Screening

Luiz Roque
Heaven Unfolded

Dates

Thu, 25.07.24

Time

21:30

Venue

Courtyard

Admission

5€

Tickets

Tickets available online / Remaining tickets at the box office

Heaven Unfolded brings together a selection of experimental video works concerned with both historical and ongoing discrimination against queer people and potential liberatory futures. The event begins with and departs from Luiz Roque’s dystopian sci-fi video HEAVEN (2016). In the year 2080 in Brazil, a virus spread through saliva has been mutating into a much more aggressive form that seems to target transgender people who take hormones approved by the Secretary of Health. The work is a speculative analogy that alludes to the ongoing HIV/AIDS epidemic and healthcare inequities along class and gender lines.

Eat Me (1975) by Lygia Pape presents closeup shots of two mouths chewing on and spitting out unidentifiable objects. The work makes use of the Brazilian cultural metaphor of anthropophagy—the idea of devouring the Other to absorb its energy—and serves as an allegory of the violence gripping Brazil at the time of its creation. In the context of this screening, Eat Me raises questions about intimacy, attraction, abjection, repulsion and objectification.
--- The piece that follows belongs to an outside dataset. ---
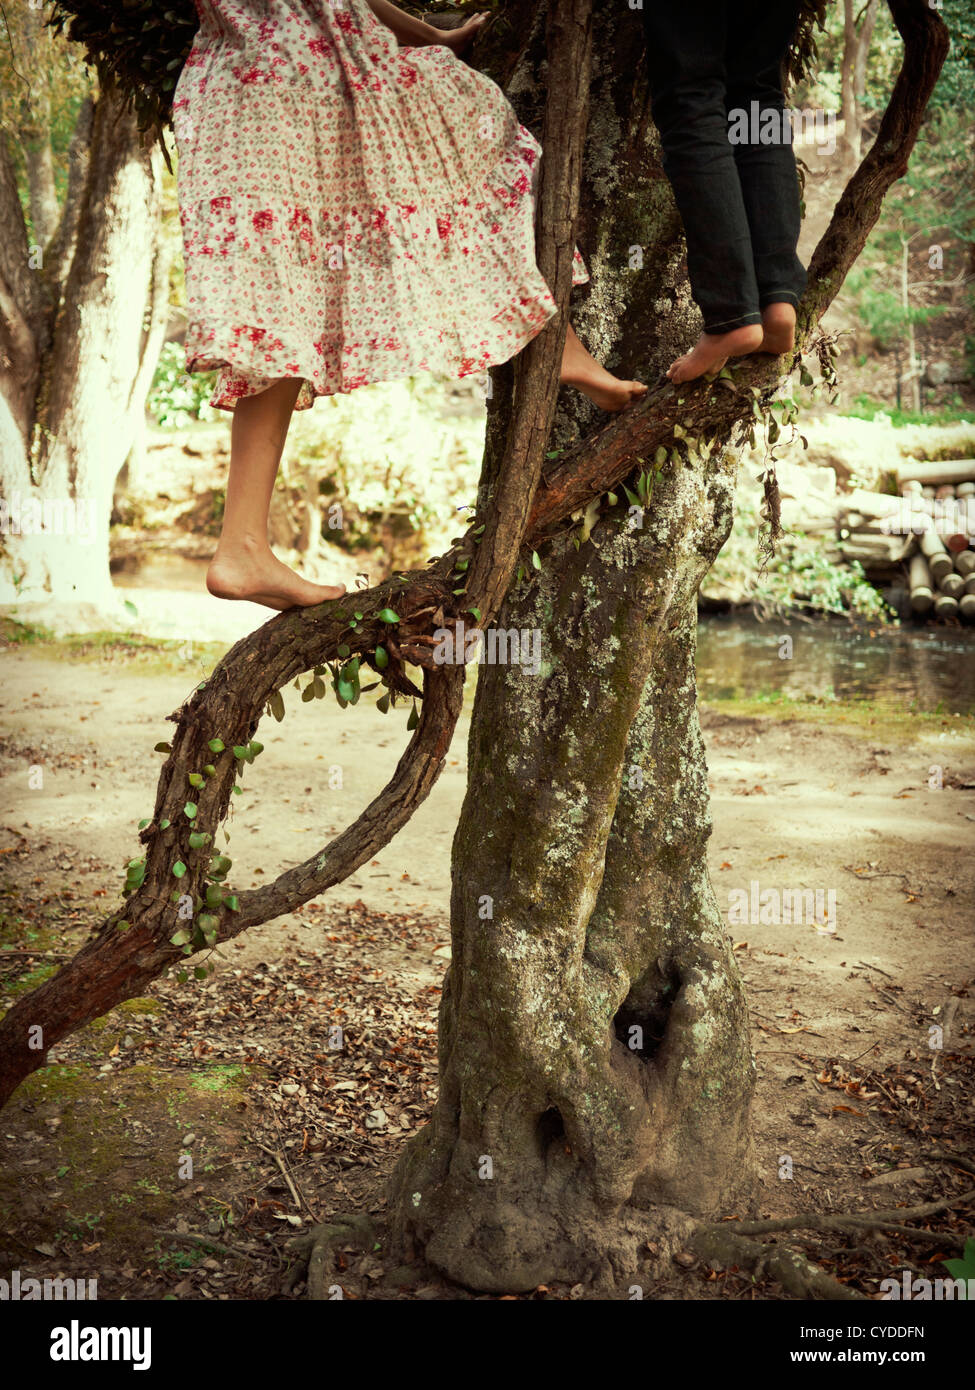 Girl and boy climb tree Stock Photo
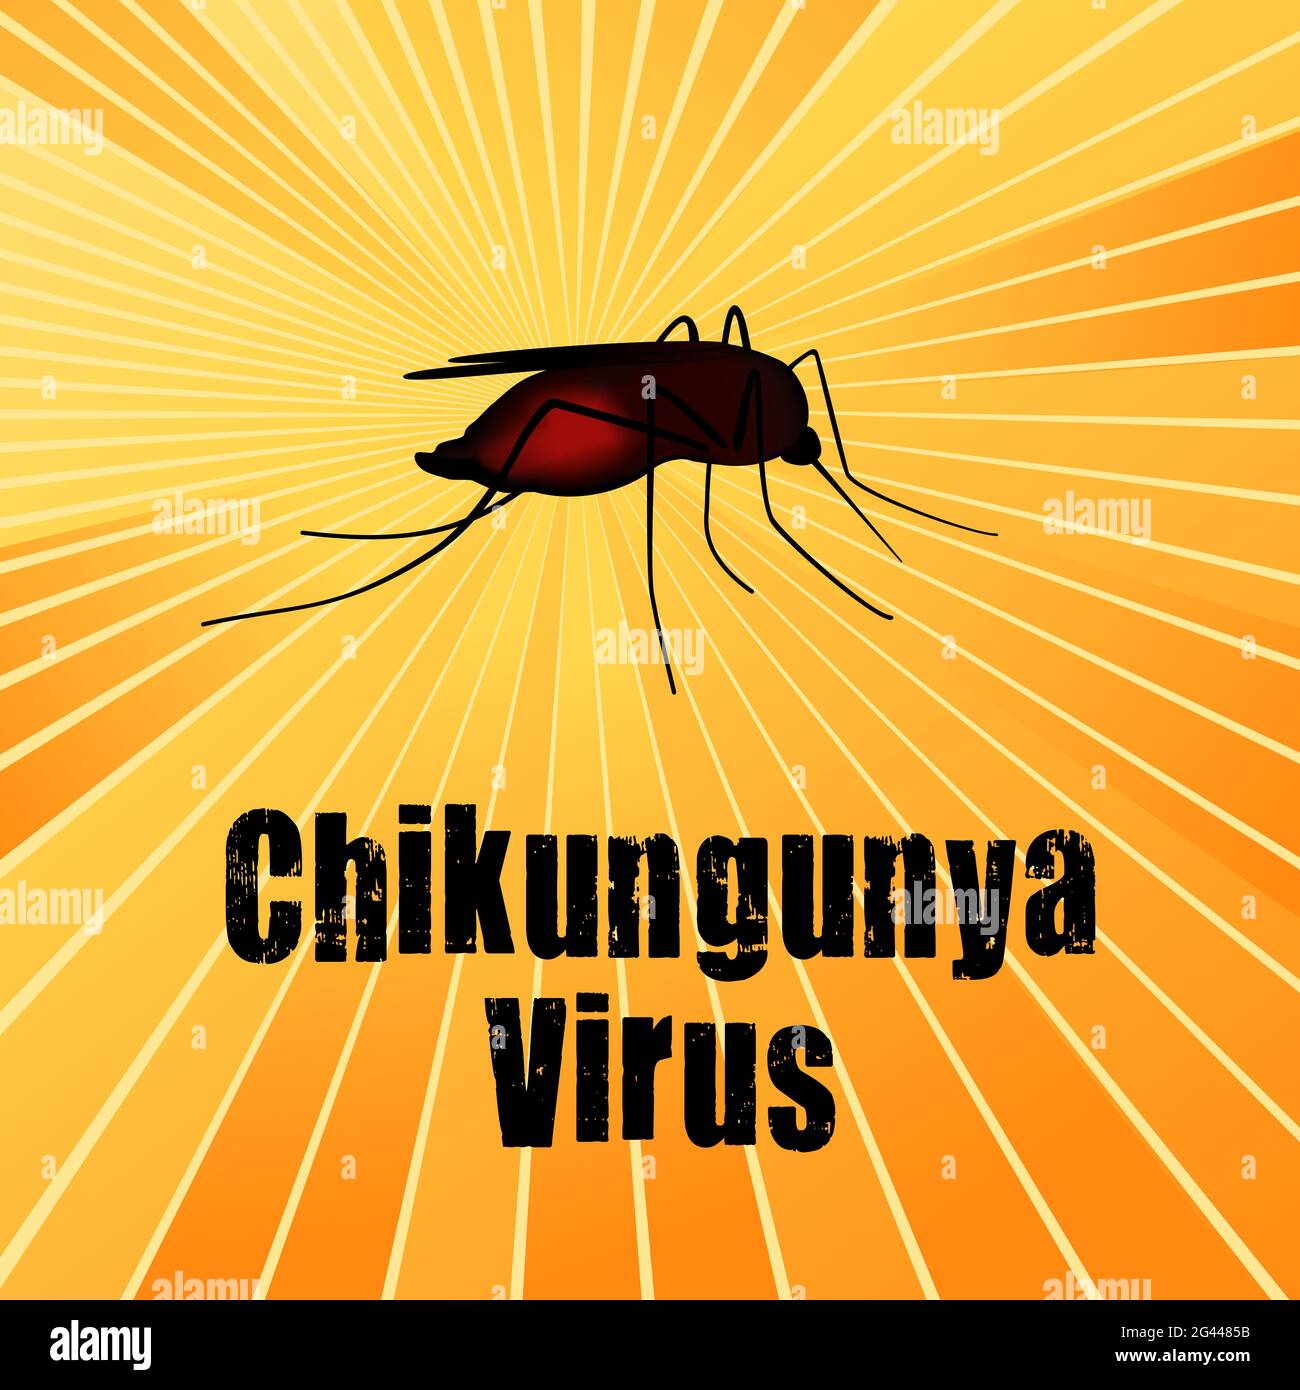 Virus Chikungunya, mosquito lleno de sangre, insecto mordedura, riesgo para la salud pública, vector de enfermedades infecciosas, fondo de rayos del sol Foto de stock

Combining street interviews, newspaper clippings, found movie fragments, and homages to historical queer figures, Temporada de caça (Hunting Season, 1988) by Rita Moreira explores multiple perspectives around the waves of homophobic hate crimes that occurred in São Paulo in the late 1980s. Although the footage reveals a widespread intolerance of sexual minorities, through her montage Moreira denounces such perspectives and their endorsement by the media and cultural industry. Temporada de caça insists that homosexuality is intrinsic to both mankind and nature, and that being different is no aberration or perversion.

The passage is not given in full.